An unfortunate Linux kernel bug coming to light just ahead of Christmas may cause frustration for some server administrators, particularly public cloud providers… It turns out with the Linux kernel releases since 2022, KVM guest virtual machines making use of Intel Advanced Matrix Extensions (AMX) is possible to cause the host to experience a kernel panic.
Linux KVM maintainer Paolo Bonzini of Red Hat posted a set of patches this evening for addressing this scenario of the host experiencing a possible panic as a result of AMX usage from within KVM guests.

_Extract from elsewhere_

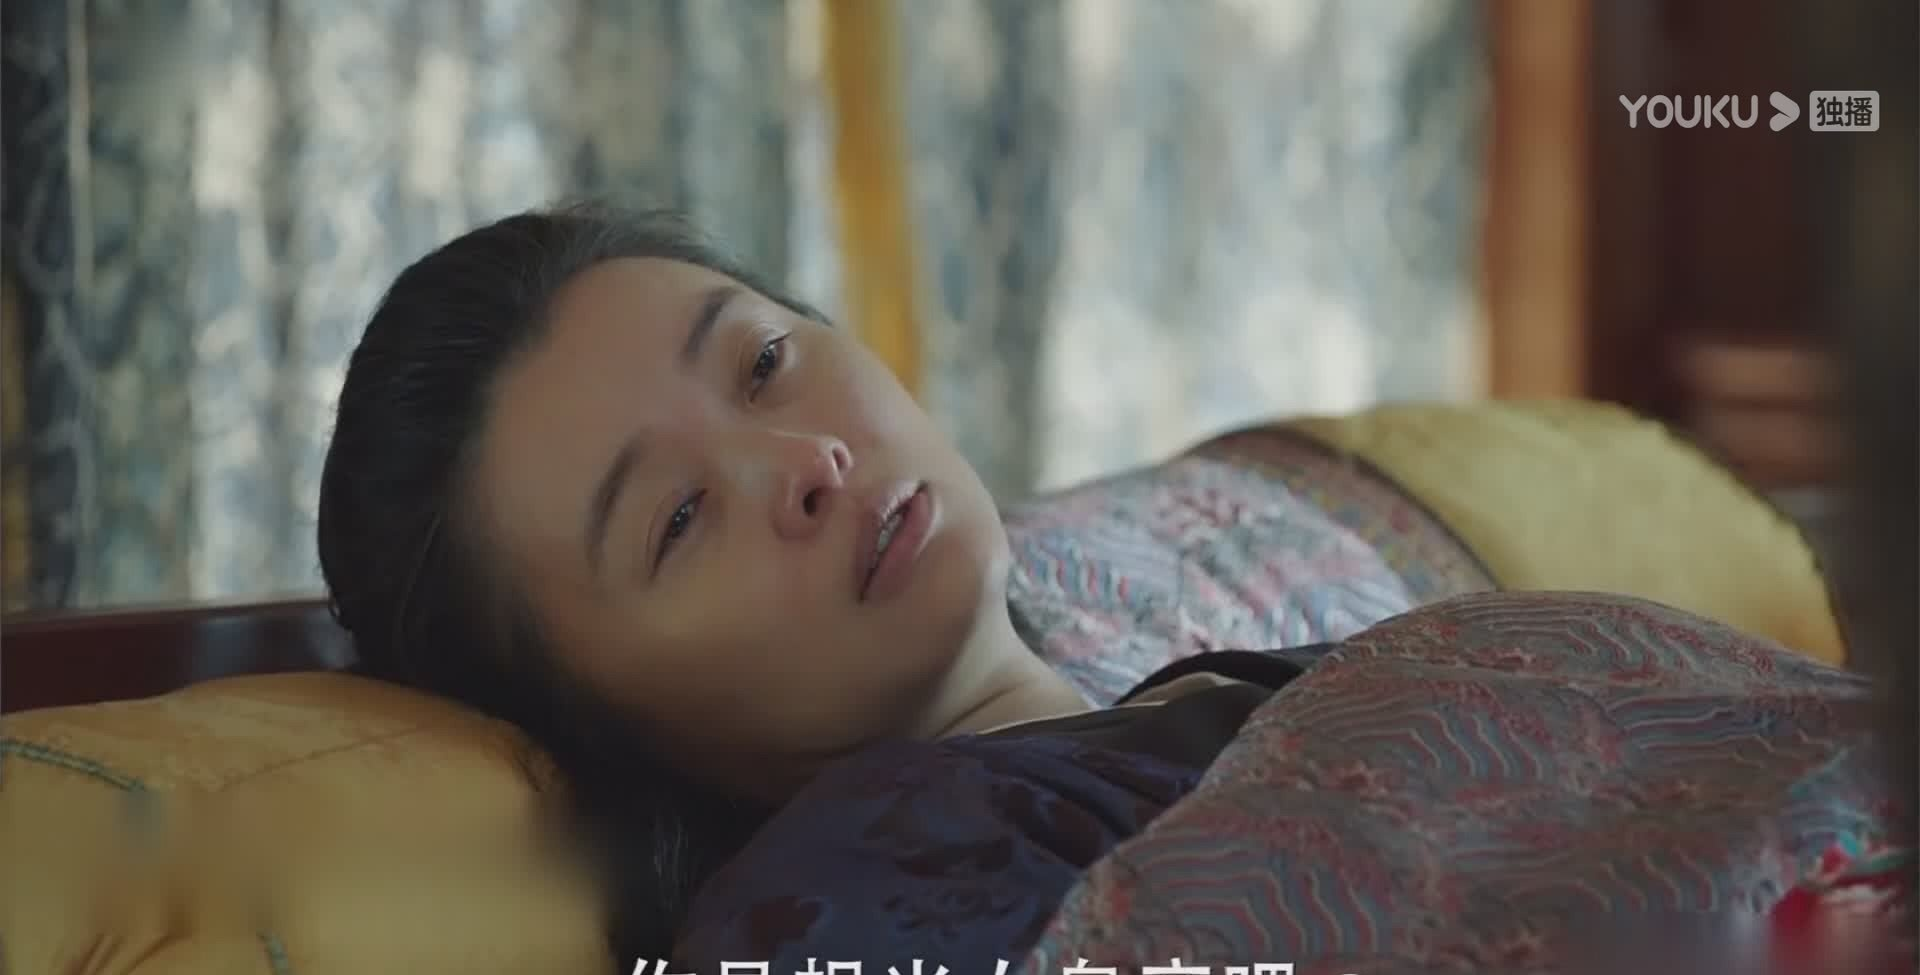 《大明风华》孙若微答应亲征,朱祁镇回应母亲的爱,一句话让她湿了眼眶!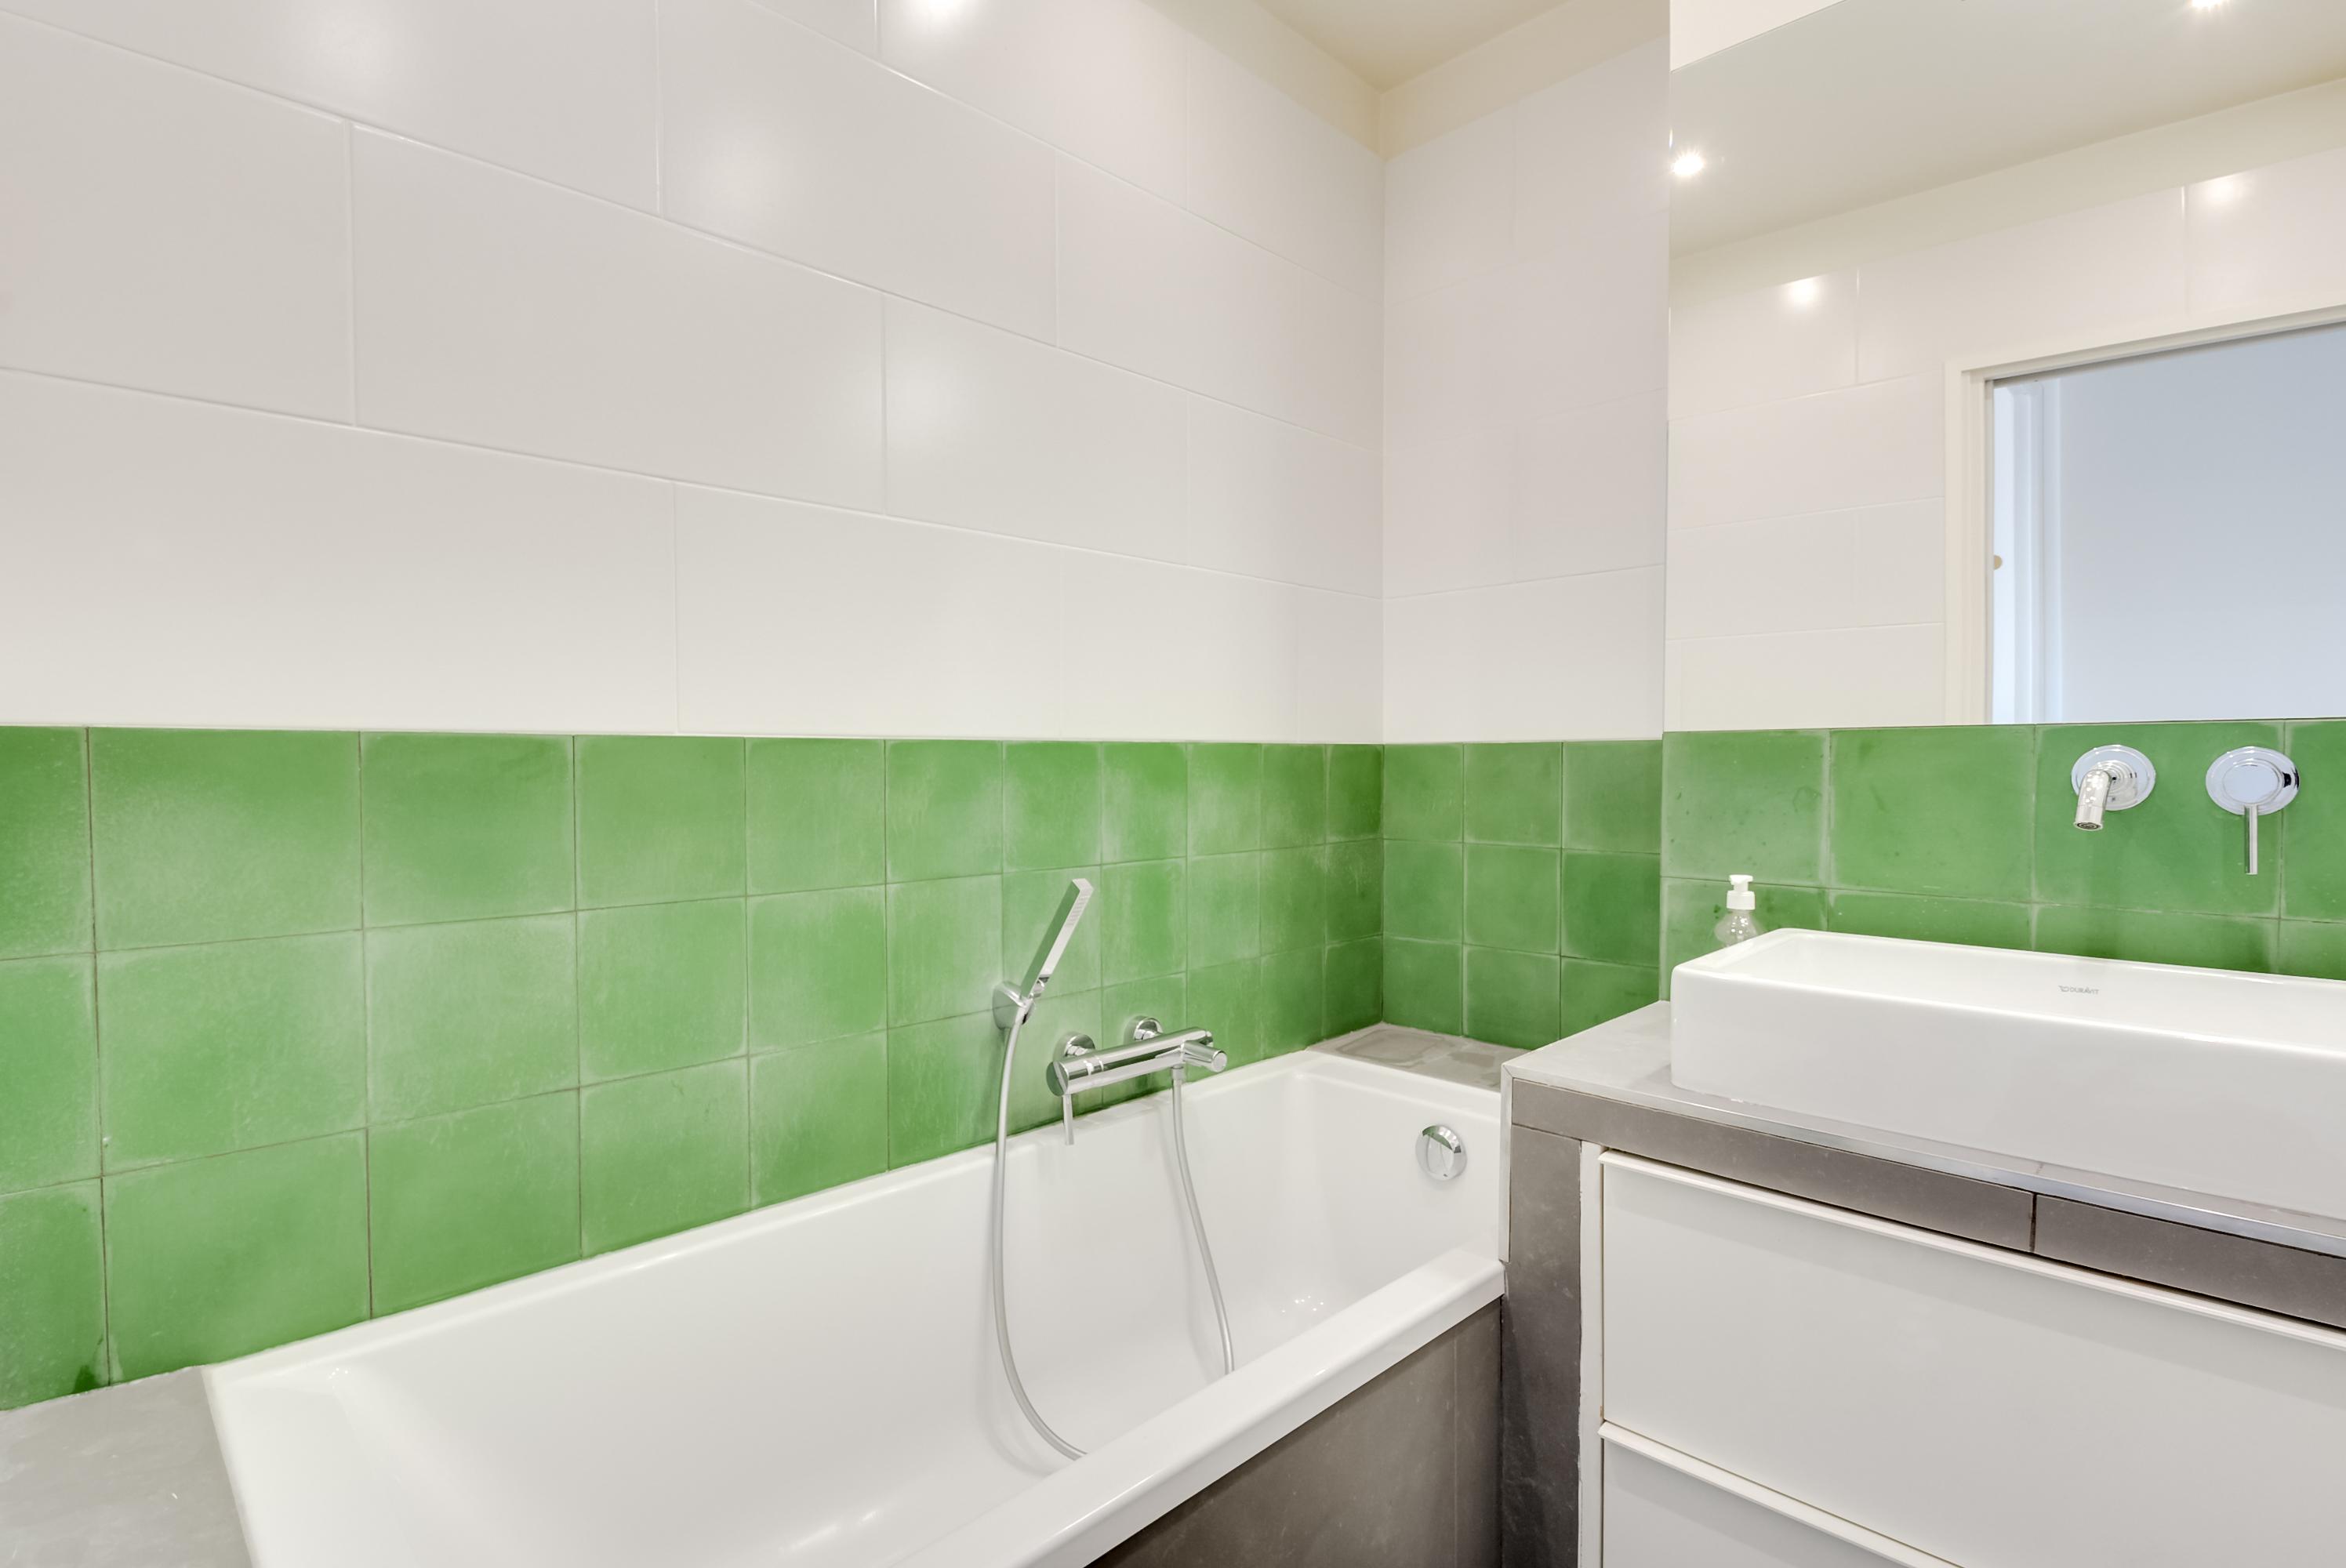 Dernier Etage Paris - salle de bain

Presumably treated as a denial of service but as of writing haven’t seen any CVE report made public.
Advanced Matrix Extensions is one of Intel’s advantages with recent generations of Xeon Scalable processors. AMX can be quite beneficial for AI workloads with software ready to AMX. Unfortunately, an issue has been uncovered with KVM where AMX usage inside of a VM could lead to the host experiencing a panic from an unexpected #NM exception.
Bonzini explained with tonight’s patches on the mailing list:
“Fix a possible host panic, due to an unexpected #NM, when a KVM guest is using AMX features.
The guest’s XFD value, which is stored in fpstate->xfd, is used for both guest execution and host XSAVE operations. However, the guest-configured XFD setting can disable features that the host needs enabled to successfully XRSTOR the guest FPU state.”
Unfortunately, this affects all Linux kernel releases going back to January 2022 back with Linux 5.17. Thus pretty much all Intel AMX users in production. The patches are out for review on the mailing list but will presumably be sent in via a fixes pull ready to Linux Git in the coming days — assuming no holiday delays — and then back-ported to the various Linux kernel stable series.